▶ WORK REQUIRED
Reproduce, exactly and in full, the lines from the one with "Text of Adhikaram 53" through the one with "Prime Day 2020: Oferta" in the data below; drop pictures.

··· TASK INPUTS

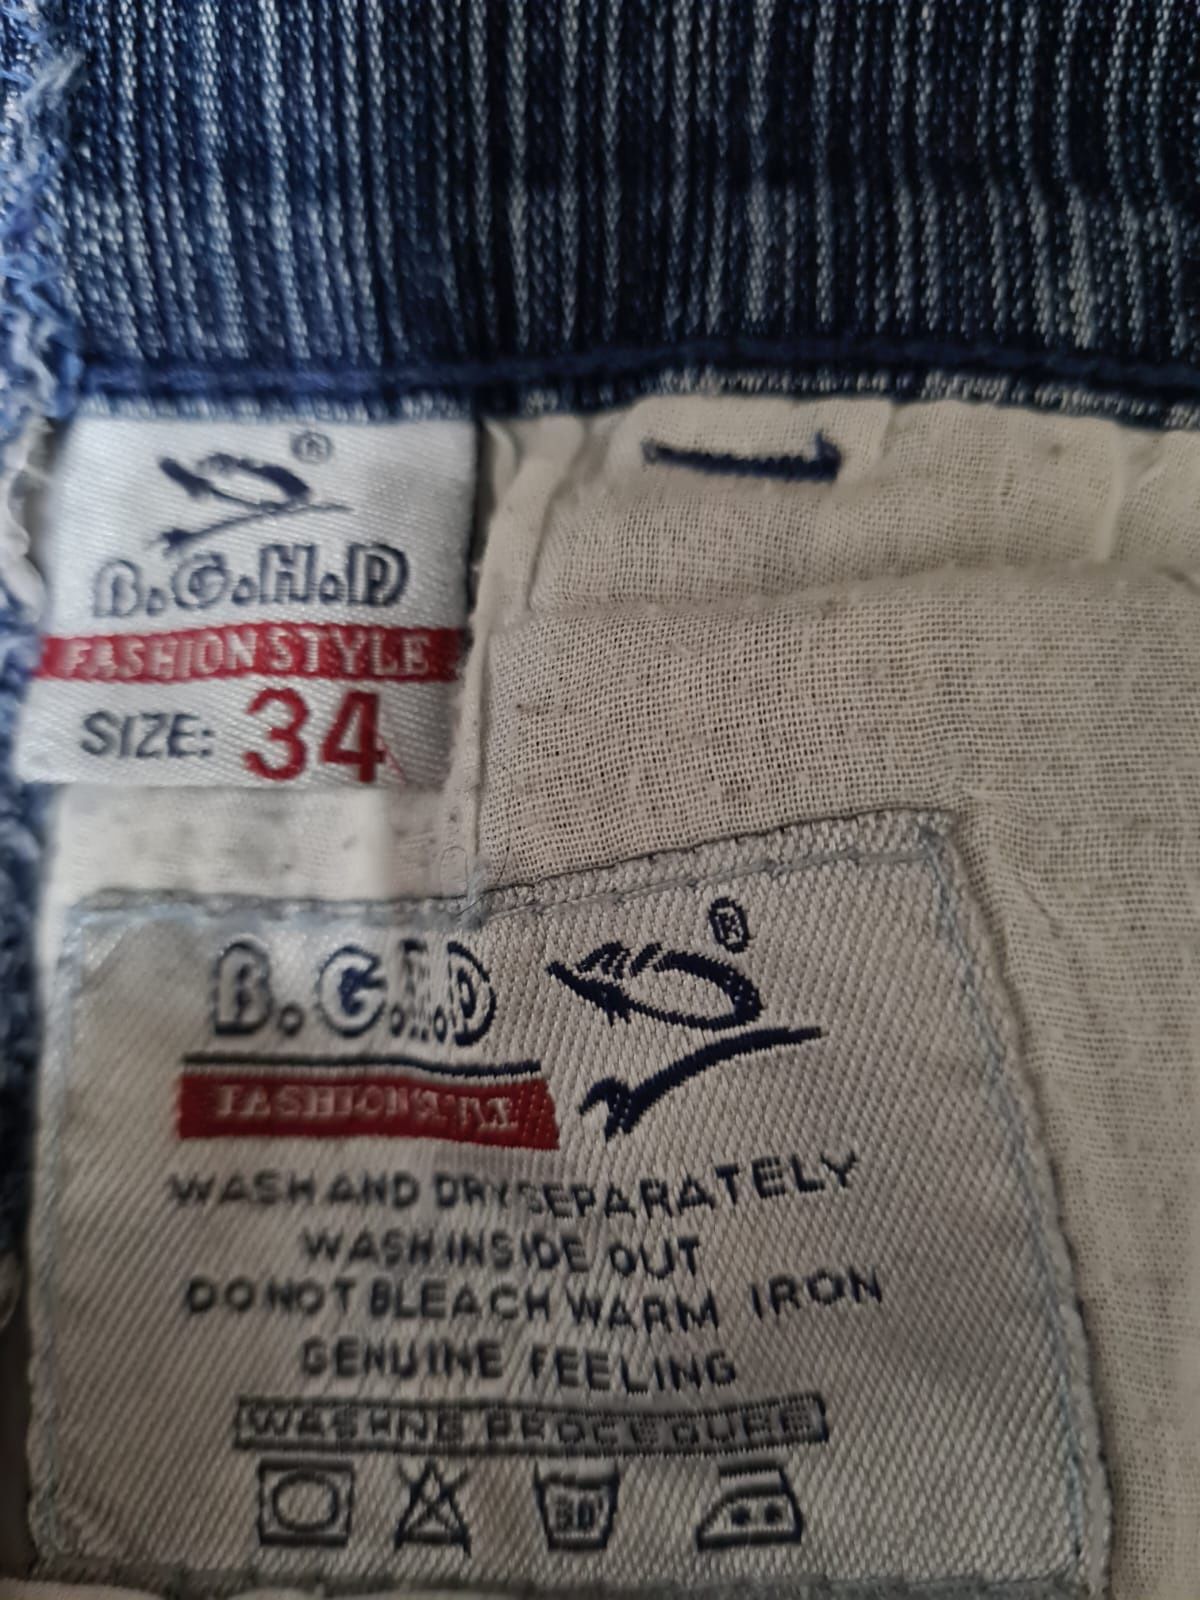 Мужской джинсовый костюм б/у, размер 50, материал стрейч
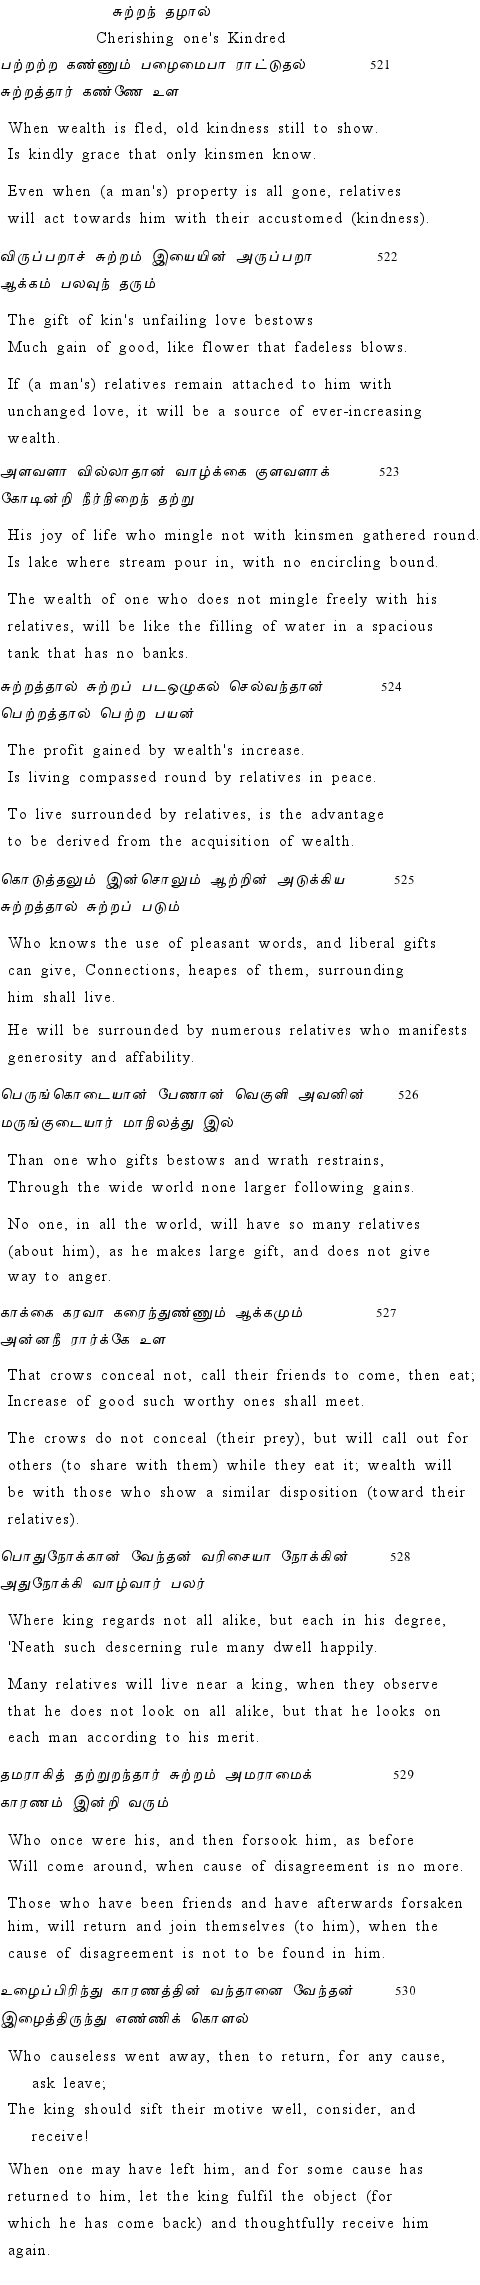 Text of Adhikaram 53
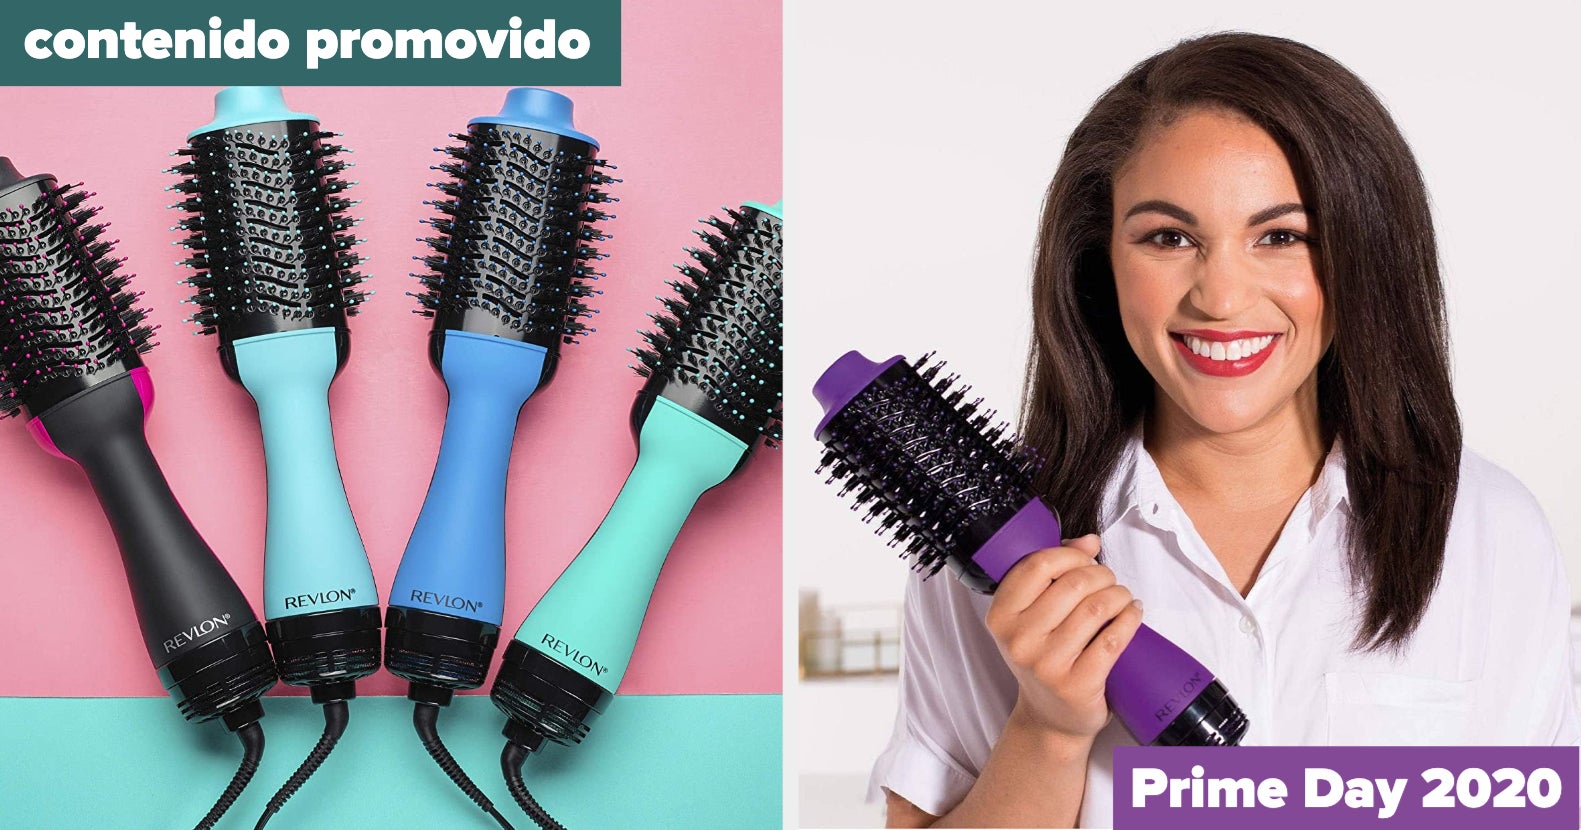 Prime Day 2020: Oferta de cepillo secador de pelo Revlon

······
··· TASK INPUTS

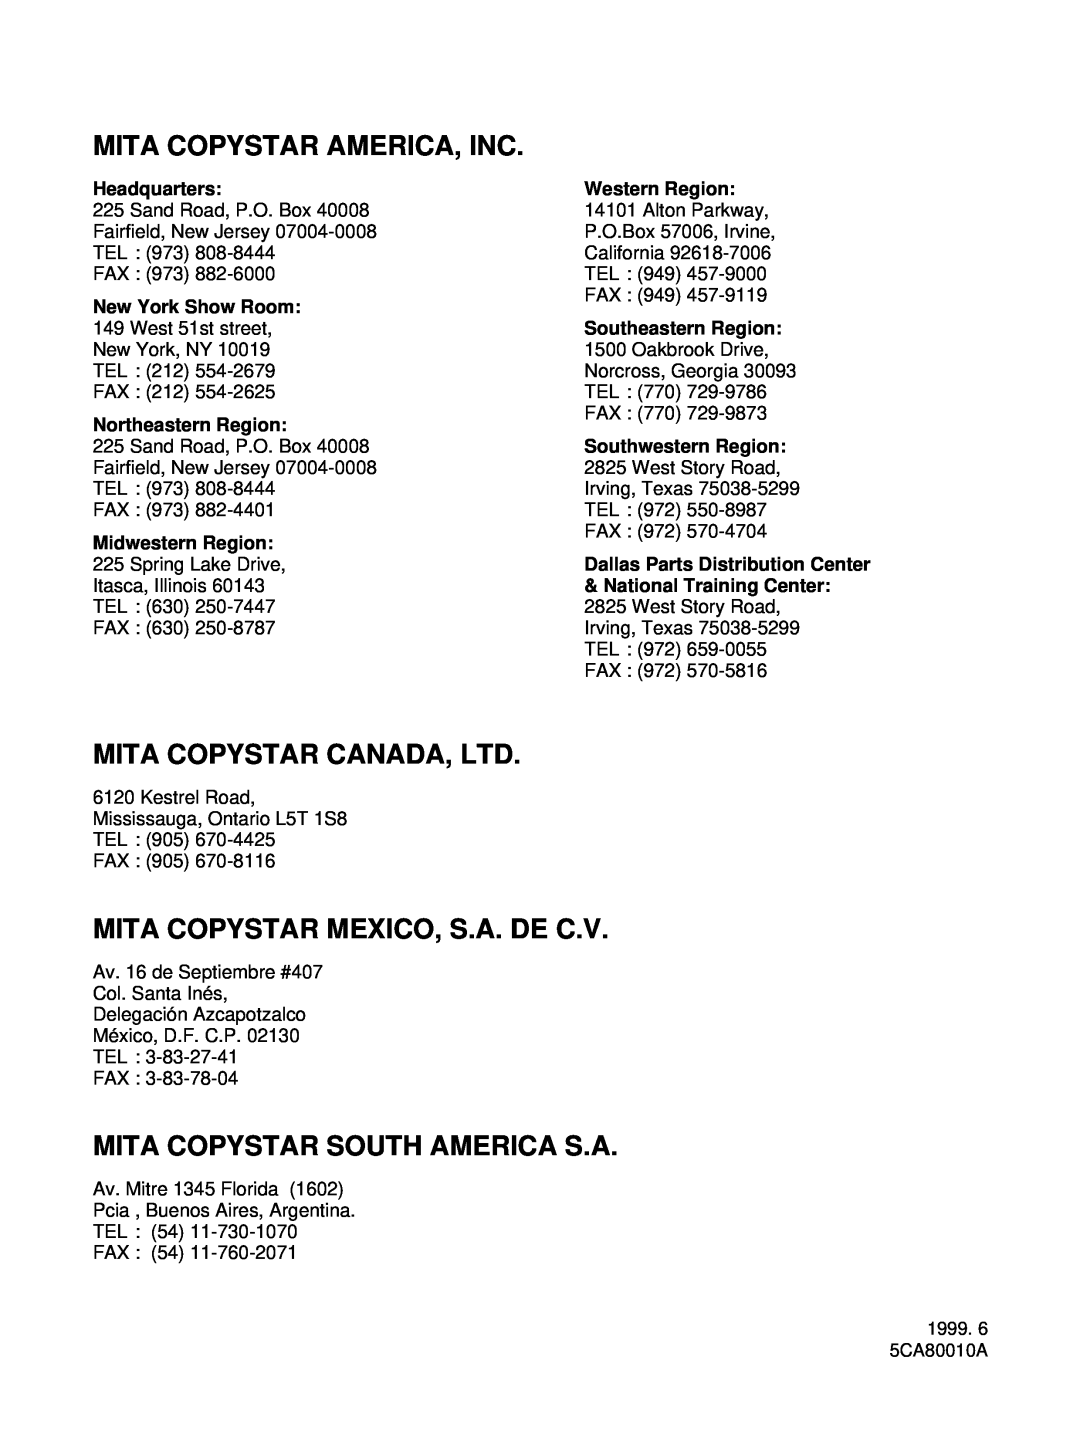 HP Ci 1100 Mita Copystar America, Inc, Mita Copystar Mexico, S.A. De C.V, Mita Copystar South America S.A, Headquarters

······
··· TASK INPUTS

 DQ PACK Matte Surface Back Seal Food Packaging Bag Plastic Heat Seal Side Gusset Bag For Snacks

······

▶ EXPECTED OUTPUT
 Text of Adhikaram 53
 Prime Day 2020: Oferta de cepillo secador de pelo Revlon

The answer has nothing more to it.